The rise of (tractable) neural networks and methods of training over the last 5-10 years has shaken up a lot of assumed wisdom when it comes to computation. Neural networks are still deterministic, same data in, same data out (via many linear operations in parallel and series) but they operate over large scale data sets. This means statistics has crept in via the back door into computing. While it has always hidden in the background, via fields such as probabilistic quantum mechanics and Bayesian logic, it has never really been explicitly taught as “the way of doing things” in engineering.

But. Neural networks currently struggle with “explainability”, working out what is going on. Actually, this is a misnomer – we can explain exactly what is going on in the form of the path of linear operations and non-linearities. The problem is the level of explanation. We need a statistical explanation, an explanation over a population based on population data.

Batch Normalisation

I got thinking more about this when I was looking at batch normalisation within neural networks (e.g., as used in ResNet). Data is normalised by subtracting a mean and dividing by a variance:

x_{norm} = \frac{x_i - \mu}{\sigma}

Where the mean and variance are determined based on a “batch” of data.
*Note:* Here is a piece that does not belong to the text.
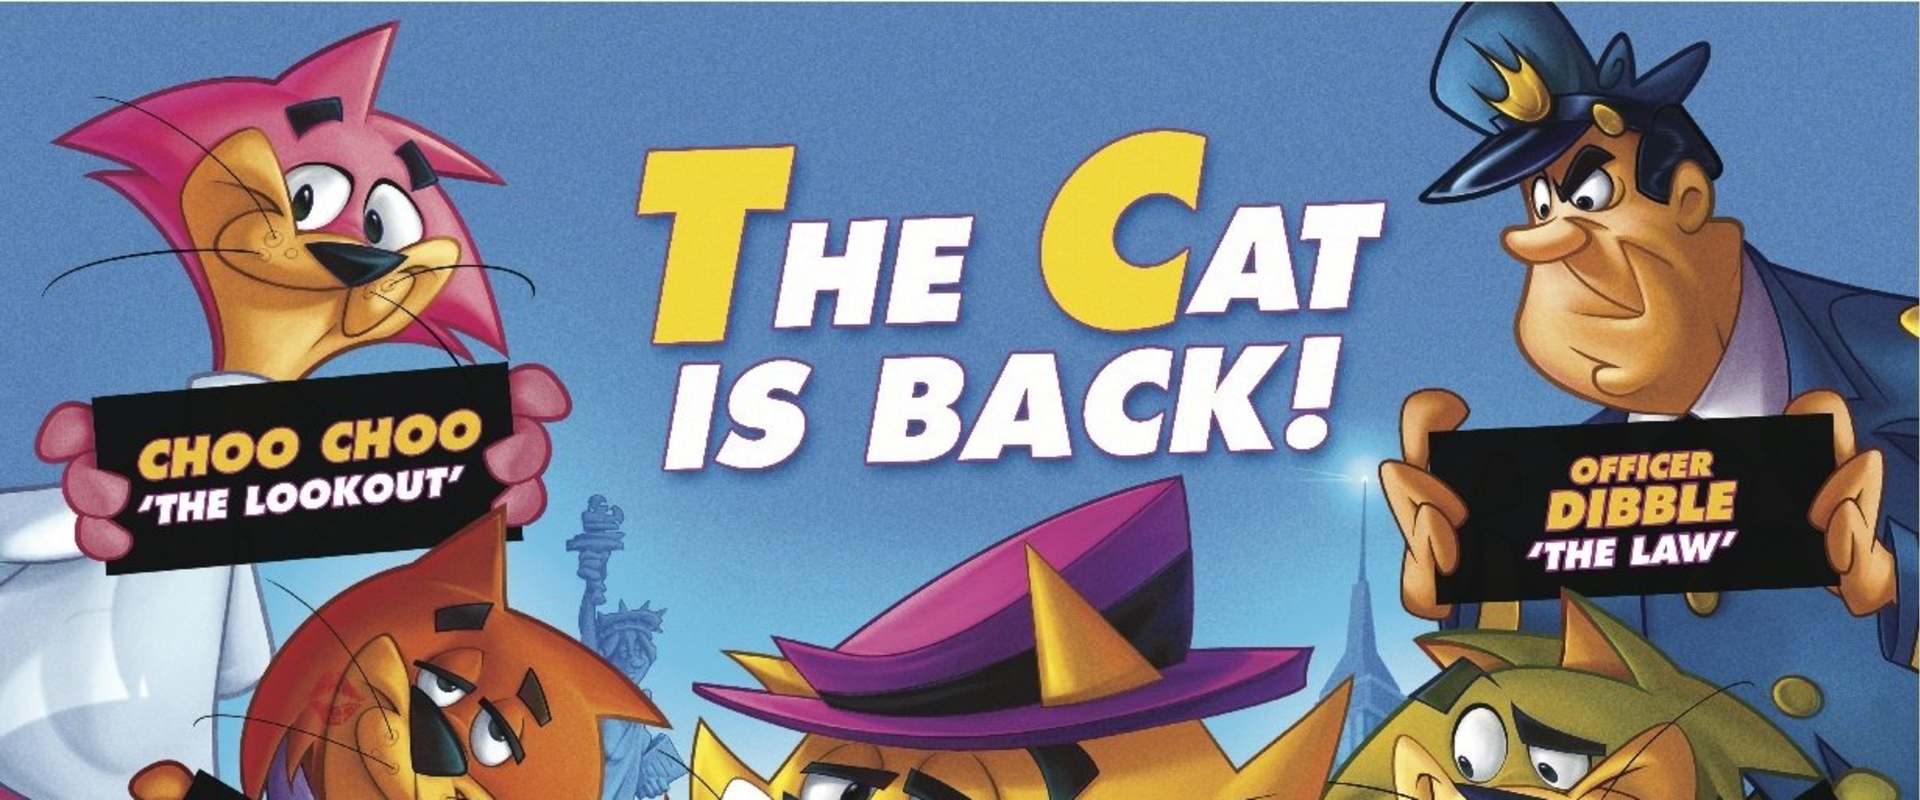 Top Cat: The Movie background 2

I’ve always felt this was a bit sneaky. It came in as a fudge based on image data input but has been taken up in several architectures. It means that during training you are normalising based on mini-batches but during inference you normalise using population means and variances. This is bringing statistics in via the back door.

Can We Mix and Match?

This raises the important question: are neural networks statistical or deterministic?

The answer appears to be that this isn’t a real question – the distinction is in our heads.

I’d argue that the interpretation of statistical as “unpredictable” or “probabilistic” is compatible with deterministic processes. They key is distinguishing between deterministic and perfect knowledge.

A process can be deterministic but our knowledge of it can be incomplete. For example, imagine a single pixel camera pointed at a candle. The camera is deterministic. The candle is deterministic. But we cannot know or control electronic noise or turbulence in the air. Hence, there will not be a perfect measurement of the candle by the camera – sometimes when the flame is lit the camera may not output a detection of light and sometimes when the flame is not lit the camera may output a spurious detection reading. However, there may be patterns over the population of measurements – statistical patterns. It’s not simply a case of saying we don’t know, yes – we don’t know 100% that the candle is lit from a positive camera output but if over 100 measurements the candle being lit and the positive camera outputs both occur 95 counts out of 100, then we can be 95% sure as a guess. This is much better than being 0% sure. The problem comes in mapping the logic of language – “knowing” or “not knowing” – that appears to be a binary selection to an actual process that is not binary, but is close to being binary. Language is not able to express the lower level nuance. This is because language is a discrete action. We can say we know “a little” or “a lot”, but our brains appear to process these as modifiers to a binary “know” rather than a true probabilistic representation.

So what are we saying when we say a process or thing is probabilistic or statistical? We are saying there are patterns over measurements but we can never predict any one measurement perfectly. Determinism is sometimes seem as opposing this because it is interpreted as concentrating on the latter part of this definition, it is seen as saying we can predict any one measurement perfectly. But the issue is not with the deterministic mechanics, it is with our omniscience – we cannot know precisely or exactly the conditions prior to any one measurement, we can only know a subset of things. Experimental error is just a way of saying there are other things at work we are unaware of.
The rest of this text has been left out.